Truly, the maxim of free speech affirmed by the First Amendment of the Bill of Rights speaks to the importance of the liberty to criticize one’s government. Instead of allowing fatal violence between political rivals to settle political conflicts, the presence of republican checks and balances and the distribution of political power between federal branches and the state governments aimed to prevent the mass accumulation of authority by singular strongmen.
Furthermore, pamphlets and essays written by founding-era politicians contained various pseudonyms of Roman figures that the authors believed represented their views. Publius, the pseudonym adopted by Alexander Hamilton for The Federalist essays, was a founder of the Roman Republic. Brutus, the name adopted by an opponent of the Constitution in New York, was a one-time friend of Caesar who aided in his assassination.

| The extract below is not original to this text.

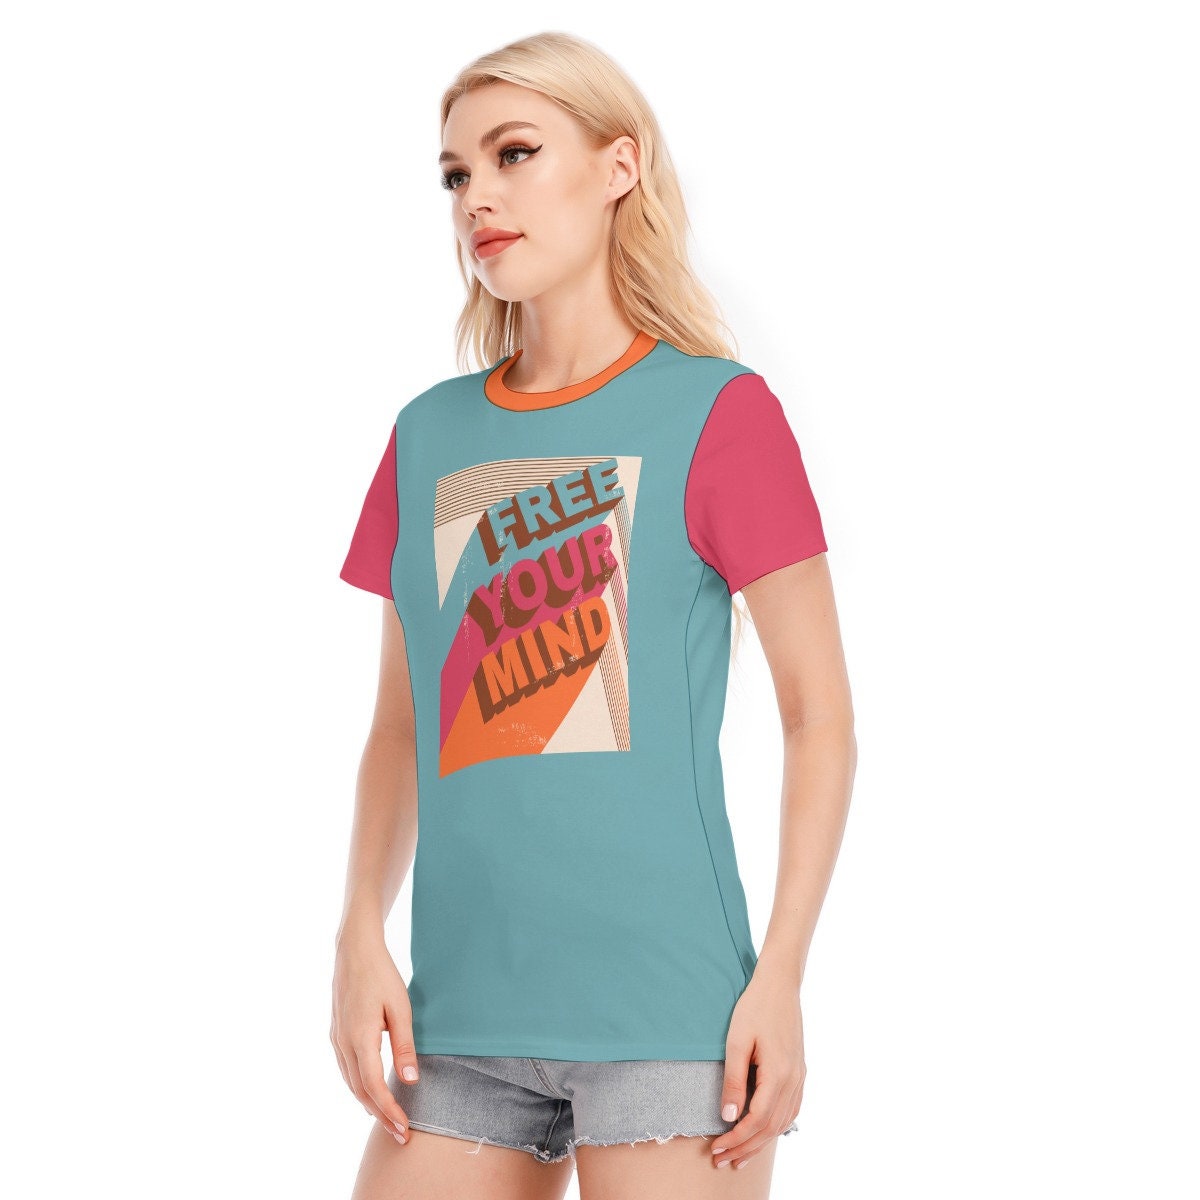 Retro-T-Shirt, T-Shirts mit Worten, Vintage-T-Shirt mit Worten, blaues T-Shirt mit Worten, Hippie-T-Shirt für Damen, blaugrünes T-Shirt im Vintage-Stil, einzigartiges T-Shirt

Cincinnatus, a famous Roman figure who once walked away from power when it was offered to him, inspired a series of founding-era tracts as well.
All of these factors highlight the extent to which ancient Rome had inspired American republicanism. Rather than antiquated remnants of the past, the founders appreciated the historical circumstances of those times to be important harbingers of future events. “I know of no way of judging the future but by the past,” Patrick Henry famously professed. Knowing that history’s mistakes would inevitably rematerialize without a candid effort to suppress them, the founders sought to avoid the woes of Roman usurpations.